Баратынский недавно женился на сестре поручика князя Абамелека, за малый рост прозванного в полку Мальчик с Пальчик. Абамелек страстно — и нередко в ущерб службе, как и сам Лермонтов, — увлекался живописью, и оба они частенько находили приют в полковничьем доме, где Мальчик с Пальчик, на правах родственника, оборудовал себе удобную мастерскую.

На мгновение Лермонтова охватил соблазн воспользоваться широким жестом Баратынского, который к тому же, оставаясь за генерала, был халифом на час и ни за что не отвечал.

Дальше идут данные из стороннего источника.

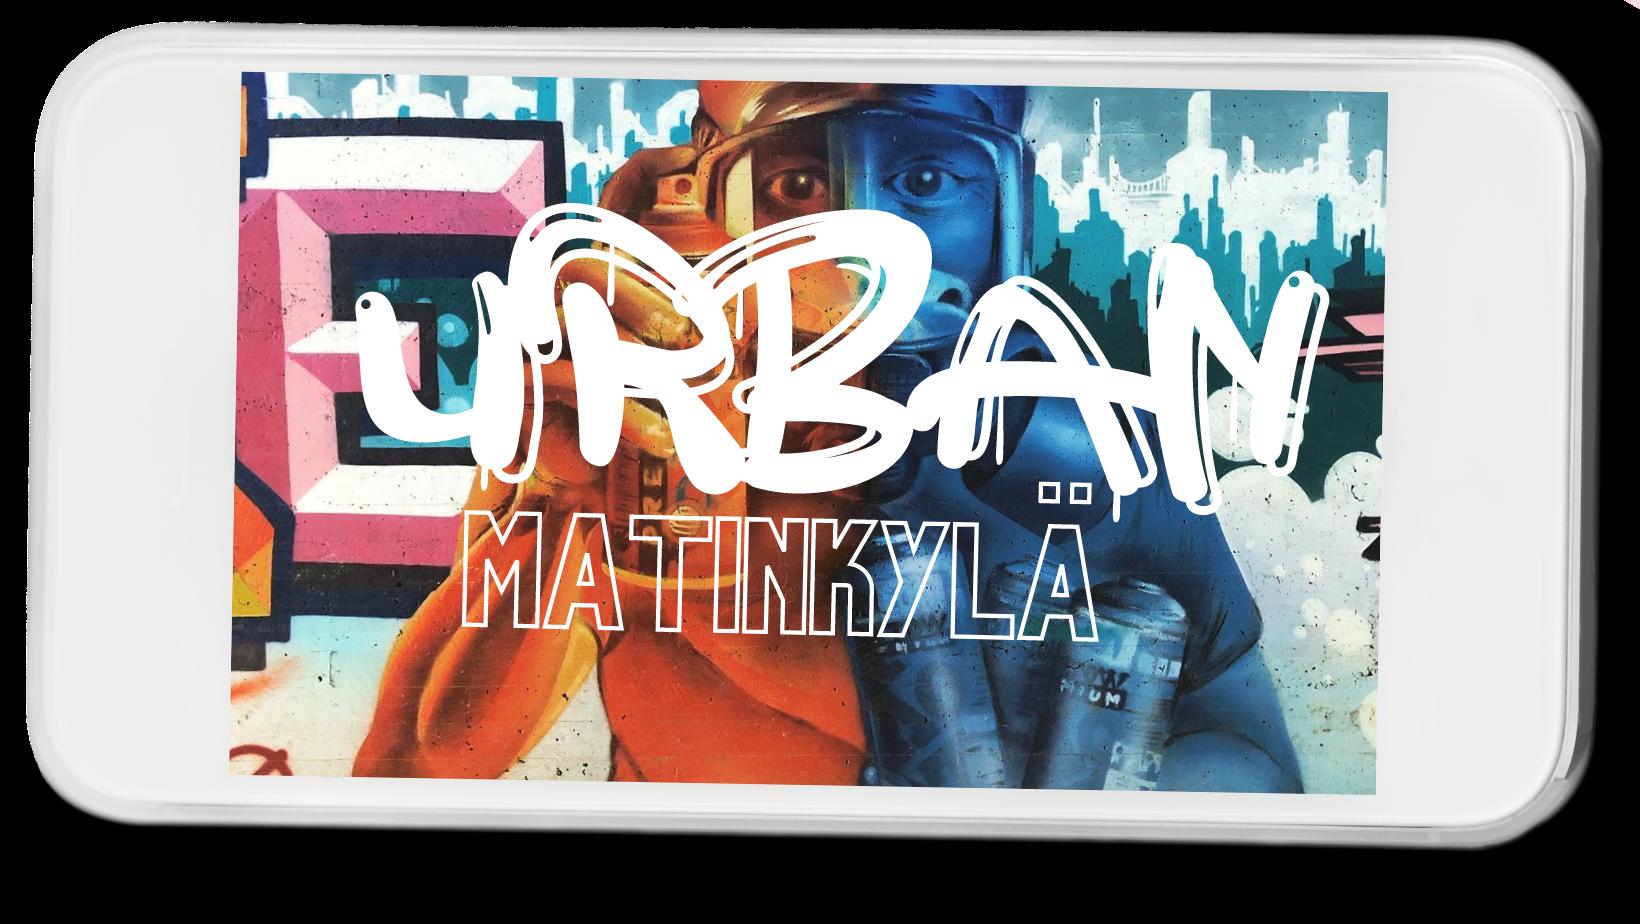 Urban Matinkylä -ulkopakopeli

Но, снова вспомнив настойчивый совет Монго («А теперь, друже, служить отлично, благородно») и рассудив, что от служебного рвения зависит, быть может, вся его дальнейшая судьба, Лермонтов прогнал это мальчишеское желание.

   — Я очень признателен вам за доброе отношение, Ираклион Абрамович, — подавляя вздох, сказал он, — но последнее время я очень часто отлучался, и теперь мне необходимо навести порядок во взводе. Я прошу у вас два дня.

   — Ну что ж! Речь не мальчика, но мужа! Свои два дня вы получите...

Лермонтов встал.

   — Благодарю вас, Ираклион Абрамович. Разрешите идти?

   — Ну конечно же! — Баратынский тоже поднялся. — Передайте госпоже Арсеньевой, что я от души желаю ей скорейшего выздоровления, а вам в цензуре — ни пуха ни пера.

Лермонтов рассмеялся.

   — Как прикажете отвечать, Ираклион Абрамович? За первое — спасибо, за второе — к чёрту?

   — По обычаю, по обычаю! — тоже смеясь, ответил Баратынский. — Только не забудьте доложиться вашему другу Годеину, чтобы он отдал в приказе...

Полковой адъютант штабс-ротмистр Годеин, в полной форме и только отстегнув полусаблю и сняв тяжёлый кивер, сидел в своём кабинете, прилежно склонившись над раскрытым бюро. Сознание того, что служебные часы окончились, а он всё ещё не может уйти, мешало адъютанту сосредоточиться: в какой уж раз он перечитывал лежавшие перед ним бумаги и никак не мог вникнуть в их смысл. Вернее, он просто не мог придумать, что можно сделать, чтобы запрятать их истинный смысл, который сейчас был слишком на виду.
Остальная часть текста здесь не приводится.